You have the right to have your physician amend your protected health information. This means you may request an amendment of protected health information about you in a designated record set for as long as Tennessee Oncology maintains this information. In certain cases, we may deny your request for an amendment. If Tennessee Oncology denies your request for an amendment, you have the right to file a statement of disagreement with Tennessee Oncology and we may prepare a rebuttal to your statement and will provide you with a copy of any such rebuttal. Please contact our privacy officer to determine if you have questions about amending your medical record.

You have the right to receive an accounting of certain disclosures Tennessee Oncology has made, if any, of your protected health information. This right applies to disclosures for purposes other than treatment, payment or healthcare operations as described in this notice of privacy practices. It excludes disclosures we may have made for you, for a facility directory, to family members or friends involved in your care, or for notification purposes. You have the right to receive specific information regarding these disclosures that occur on or after April 14, 2003. You may request a shorter timeframe. The right to receive this information is subject to certain exceptions, restrictions and limitations.

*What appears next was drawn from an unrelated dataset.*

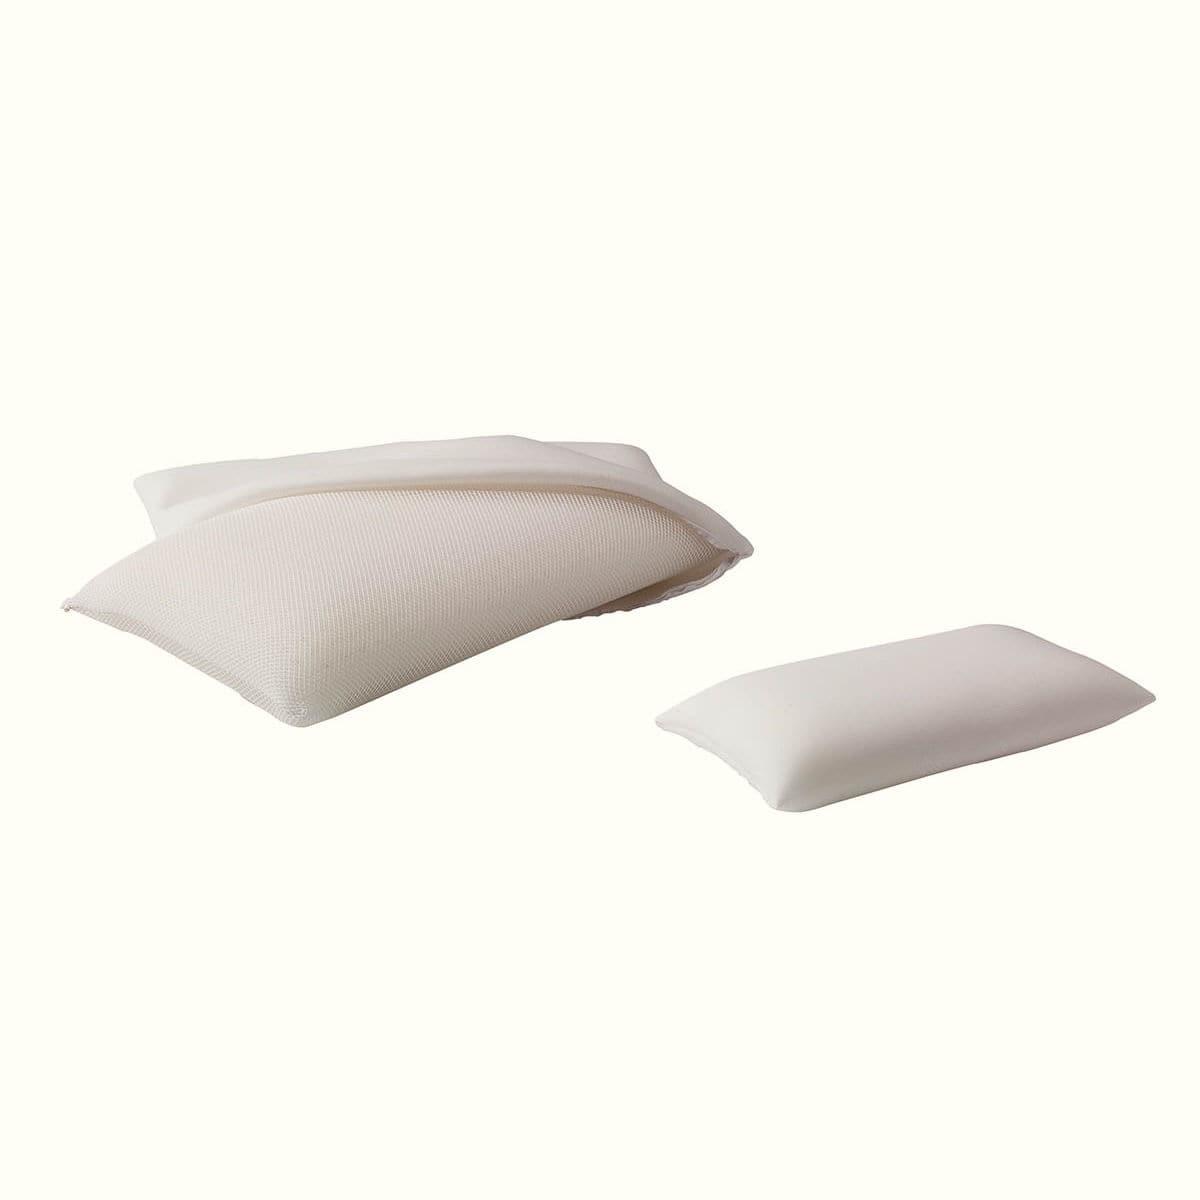 Ergonomic pillow - MEMORY AIR - Milano Bedding on clinton positioning pillow, medical knee pillow, cervical pillow, sleeping pillow, office pillow, prone position pillow, firmapedic pillow, square microbead pillow, modern pillow, vibrating pillow, orthopedic pillow, beautiful pillow, love pillow, side sleeper pillow, throw pillow, standard pillow, eye pillow, expandable pillow, 6 body pillow, massage pillow, lazy lambert ergo pillow, horseshoe shaped pillow,
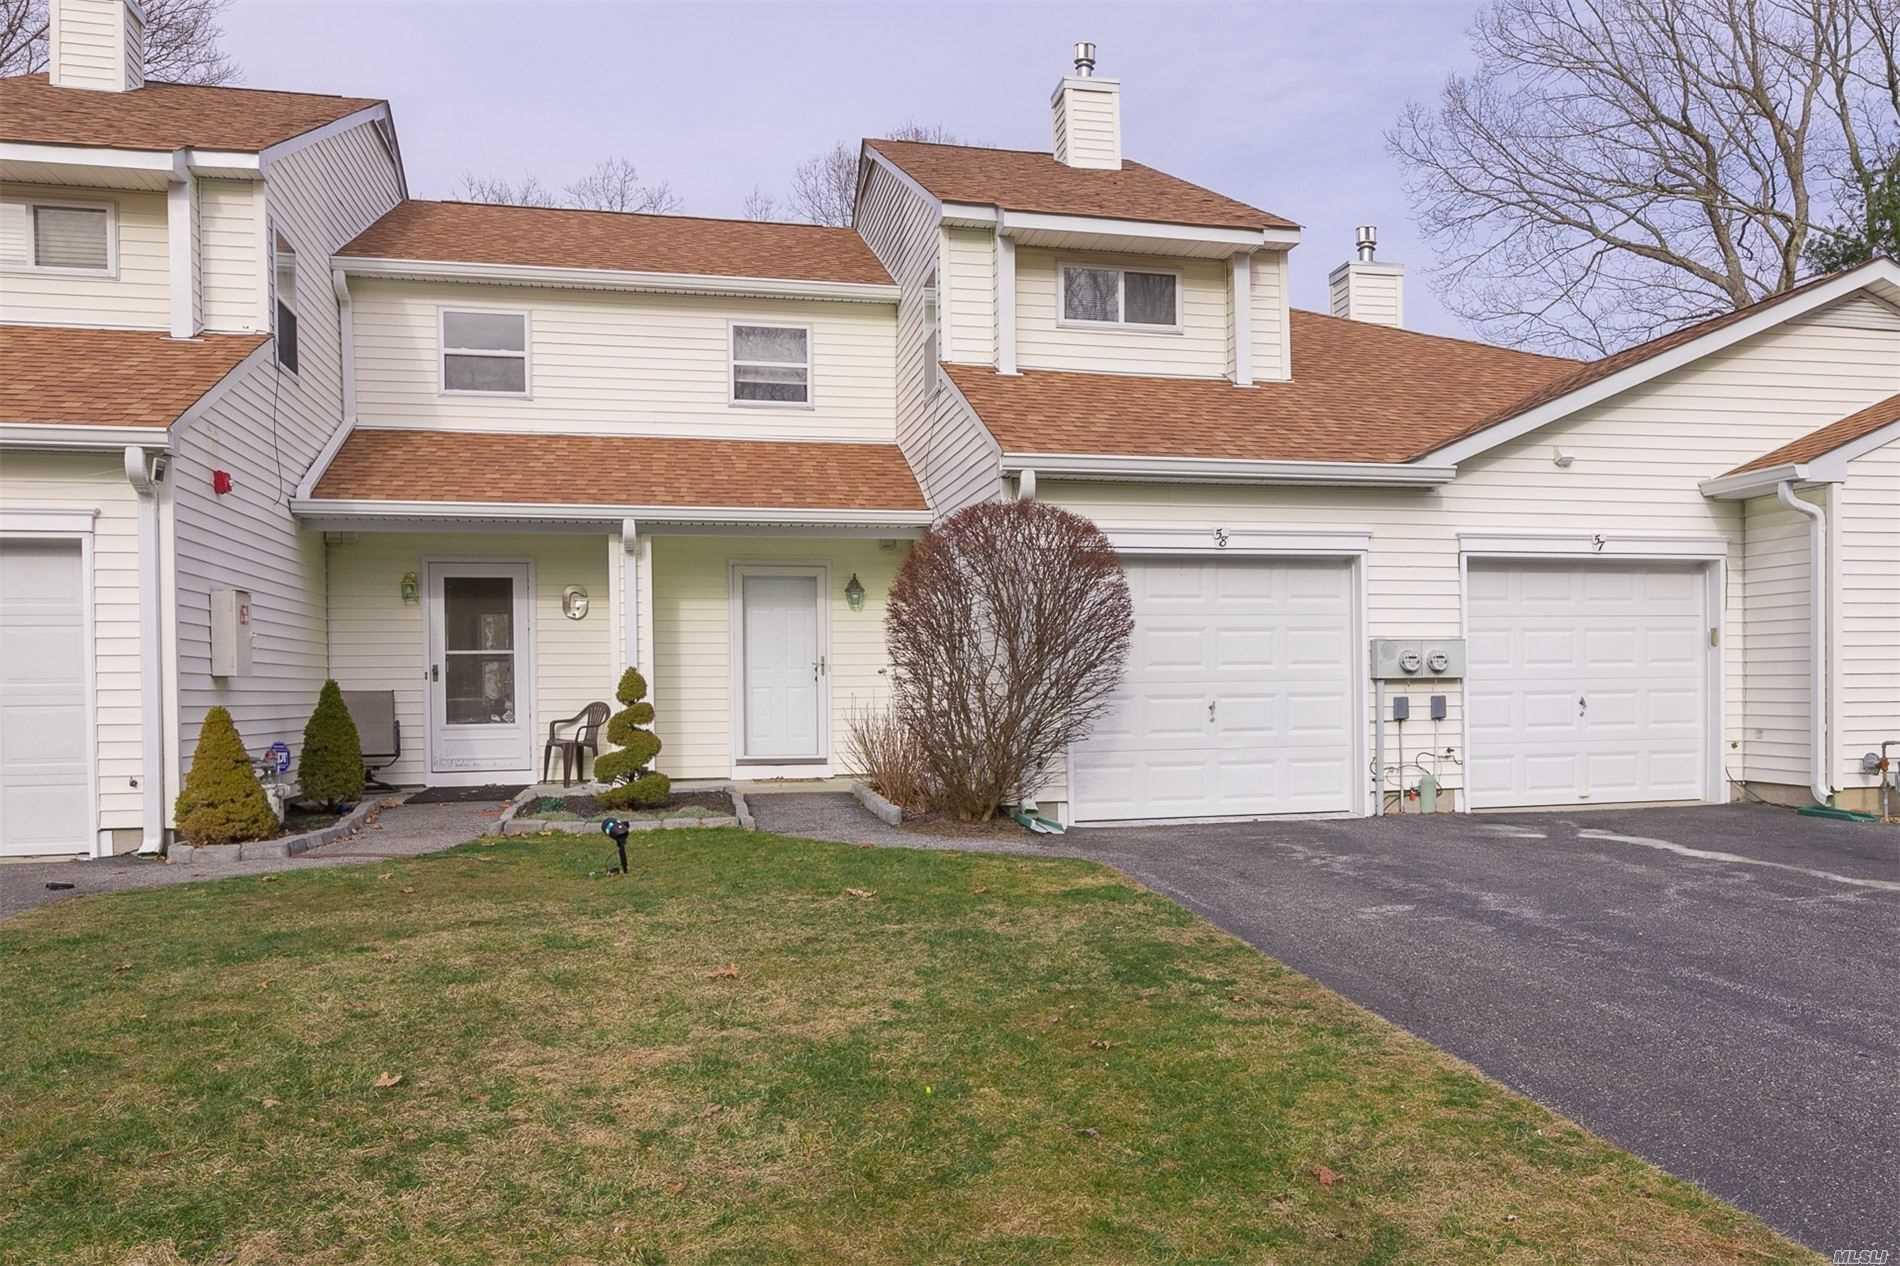 Property for sale at 58 Cobbleridge Lane, Manorville NY 11949, Manorville,  New York 11949

You have the right to obtain a paper copy of this notice of privacy practices at anytime from Tennessee Oncology.

Complaints:
You have the right to file complaint with Tennessee Oncology and or to the Secretary of Health and Human Services if you believe we have violated your privacy rights. You may file a complaint with us by notifying our privacy officer of your compliant. We will not retaliate against you for filing a complaint.

You may contact the Tennessee Oncology privacy officer via the following means;
Tennessee Oncology
Attn: Privacy Officer
Edward T. Augustine
776 Weatherly Drive
Clarksville, TN 37043

Telephone #: 931-906-2004, FAX #: 931-906-2009

E-mail: eaugustine@tnonc.com

This notice was published and became effective 1 January, 2003.
Reviewed: 01/01/2005/ 01/01//200701/01/2008, 01/01/2010, 01/01/2011/ 01/01/2012/01/01/2013, 01/01/2015.